[DATA EXCERPT]
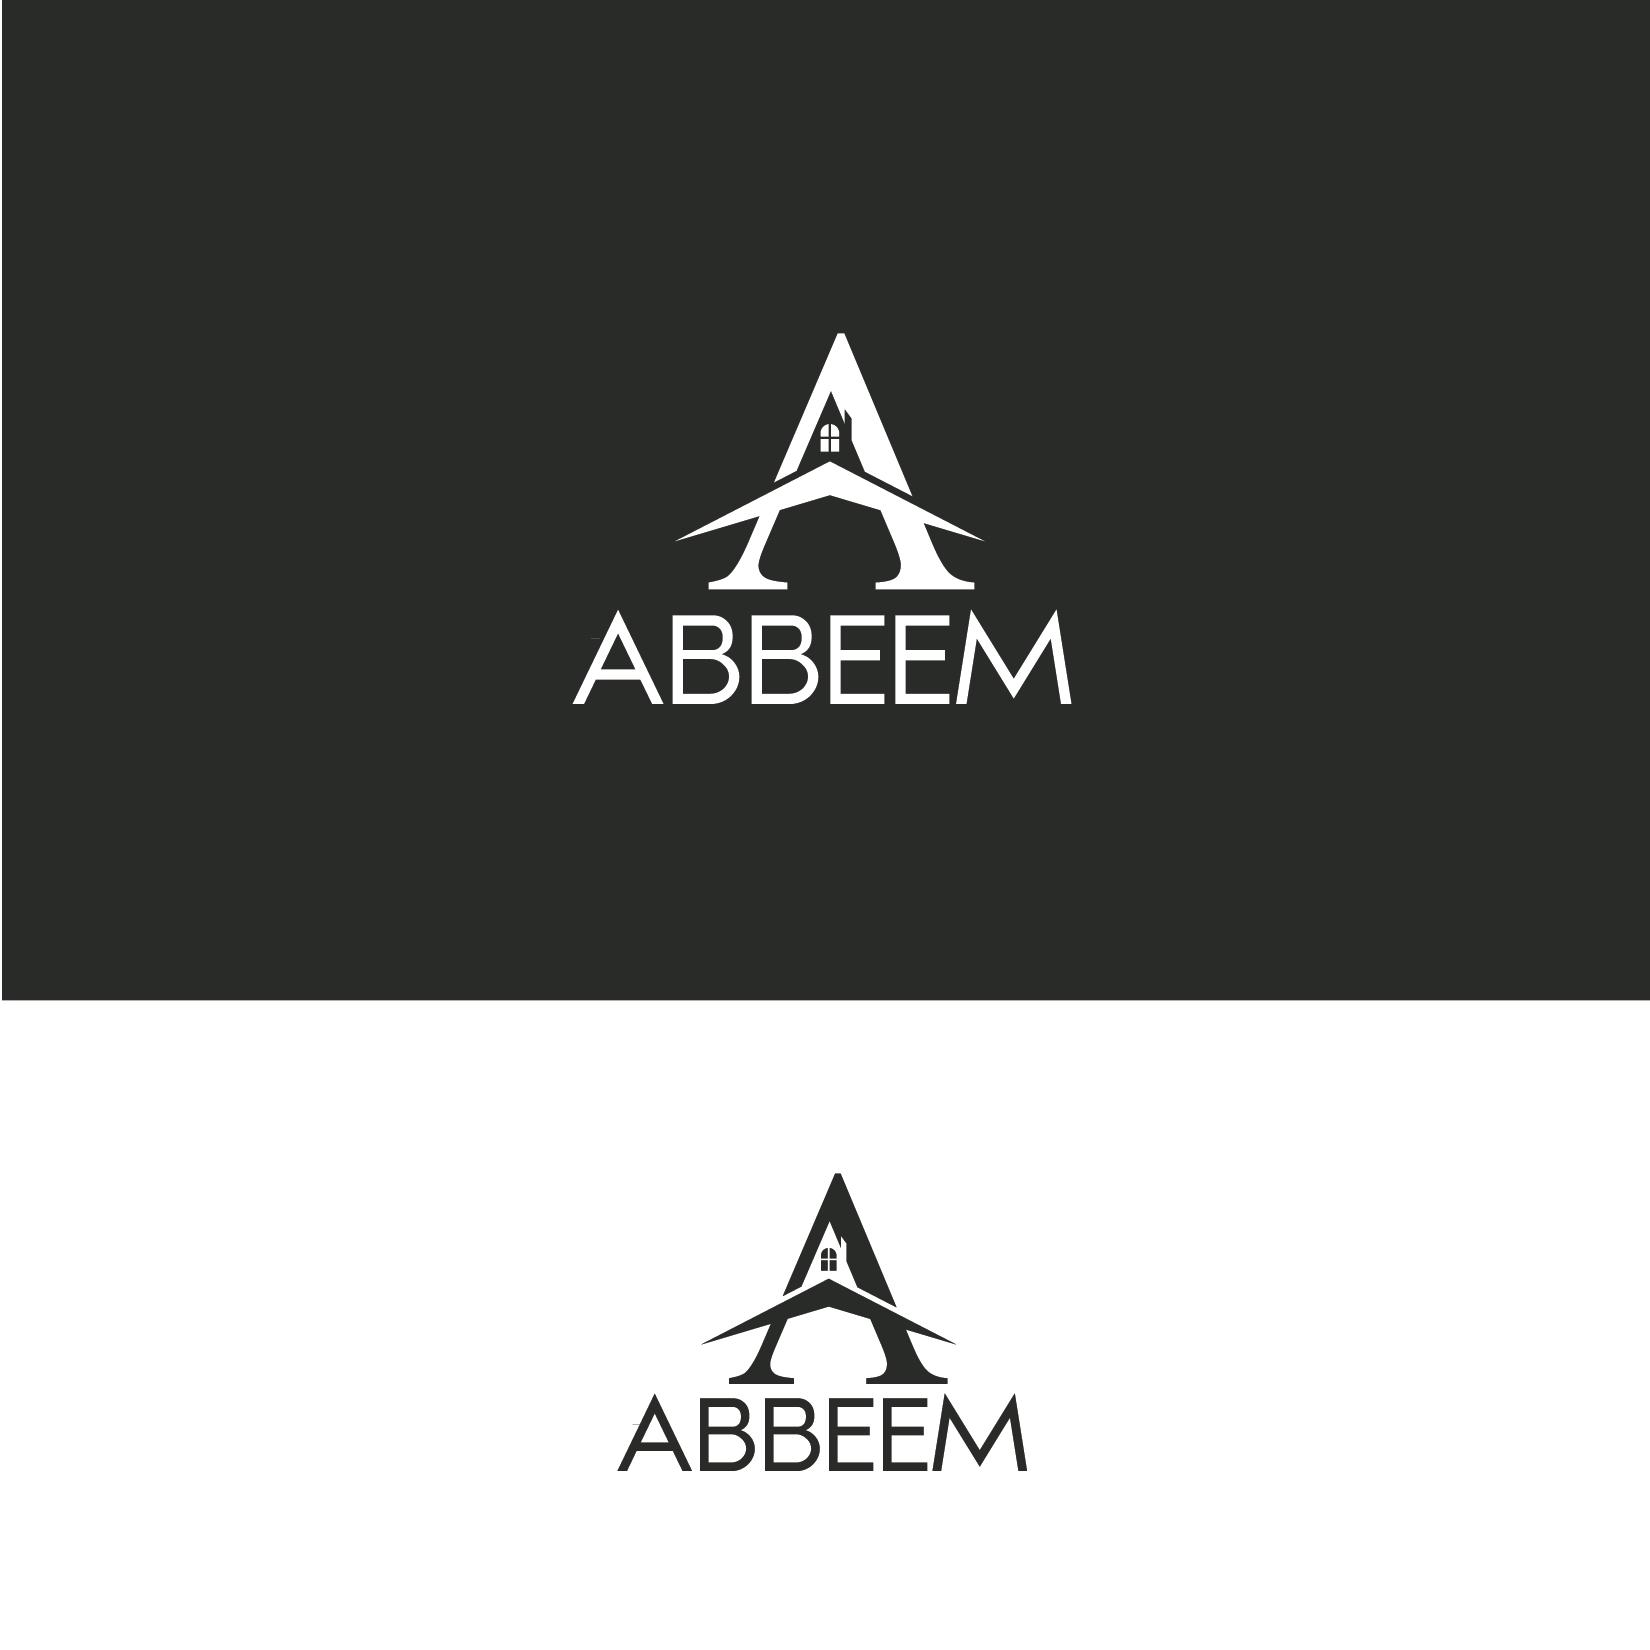 Logo Design by Private User - Entry No. 72 in the Logo Design Contest Luxury Logo Design for Abbeem.
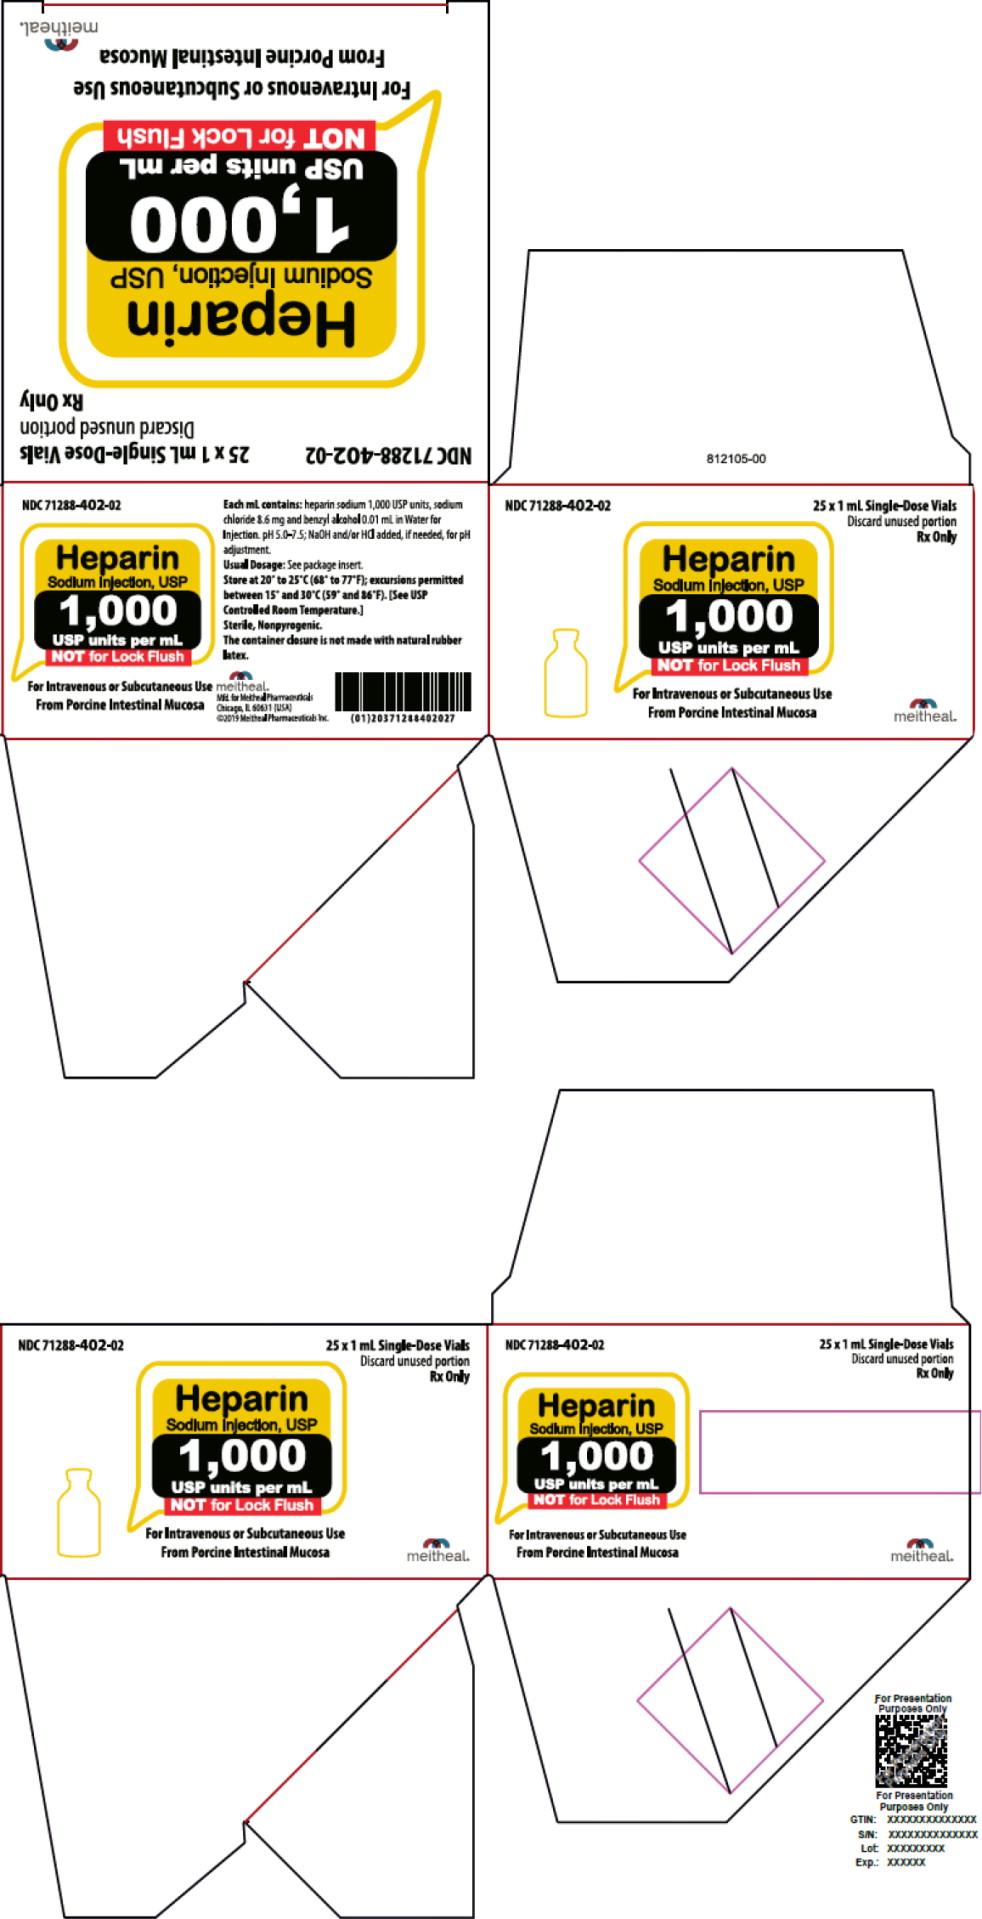 Principal Display Panel – Heparin Sodium Injection, USP 1,000 USP Carton
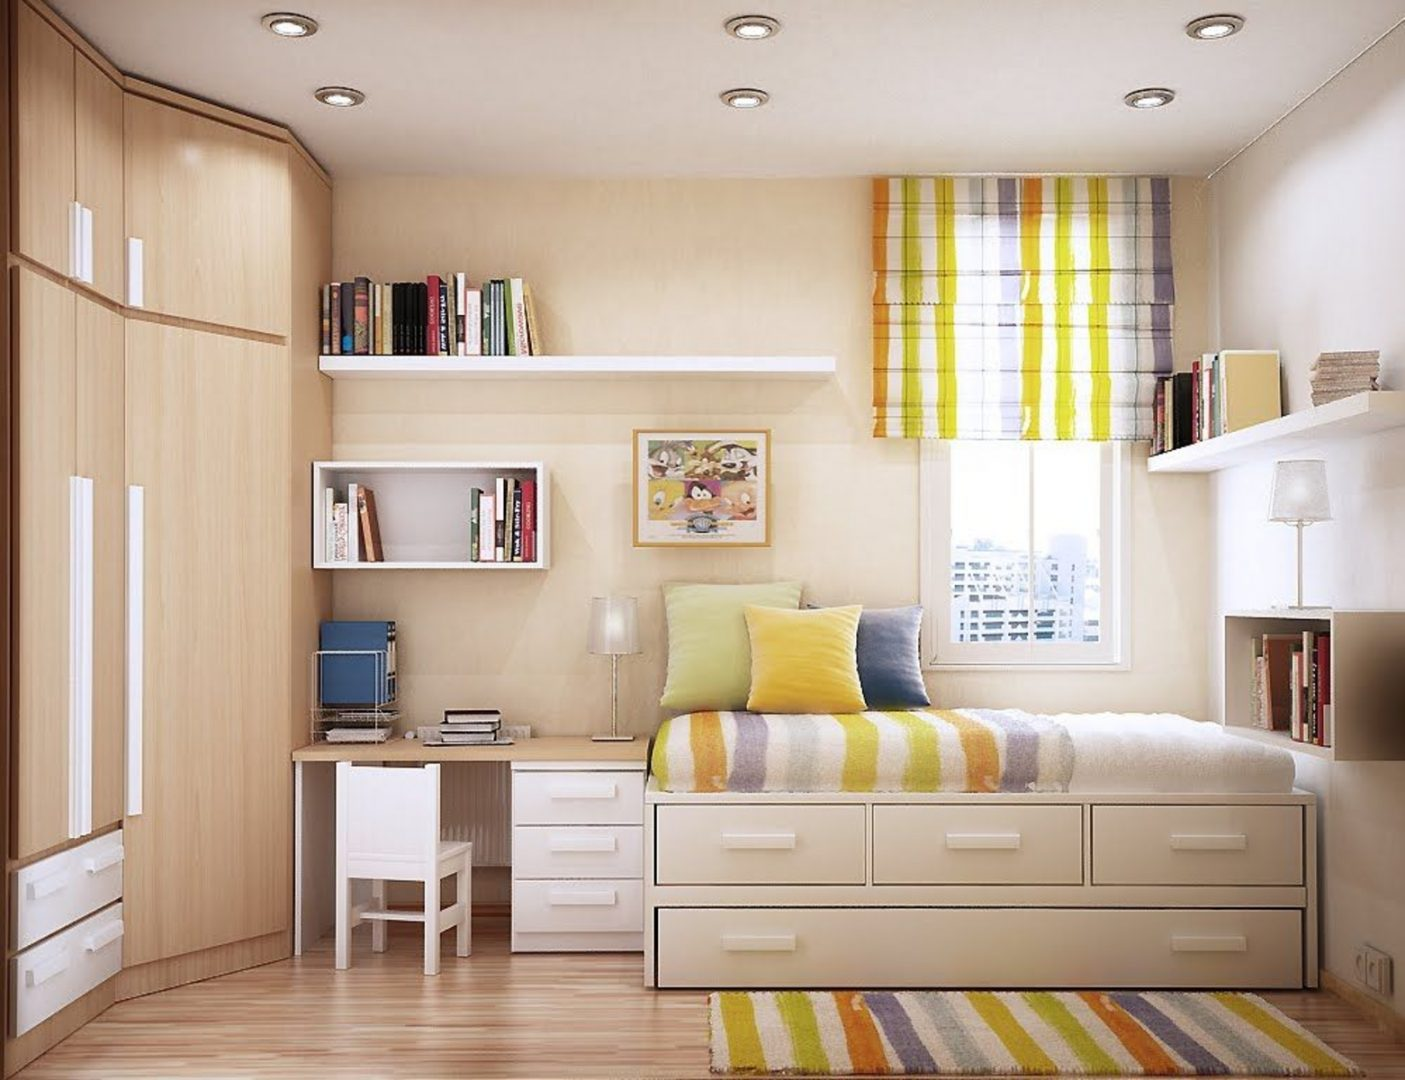 Decoraci n de una habitaci n juvenil im genes y fotos - Decoracion de una habitacion ...

[YOUR ASSIGNMENT] Skip all pictures. Then give again, exactly, each line from the line holding "Principal Display Panel" through the last line of the listing above, both ends included.

[ANSWER]
 Principal Display Panel – Heparin Sodium Injection, USP 1,000 USP Carton
 Decoraci n de una habitaci n juvenil im genes y fotos - Decoracion de una habitacion ...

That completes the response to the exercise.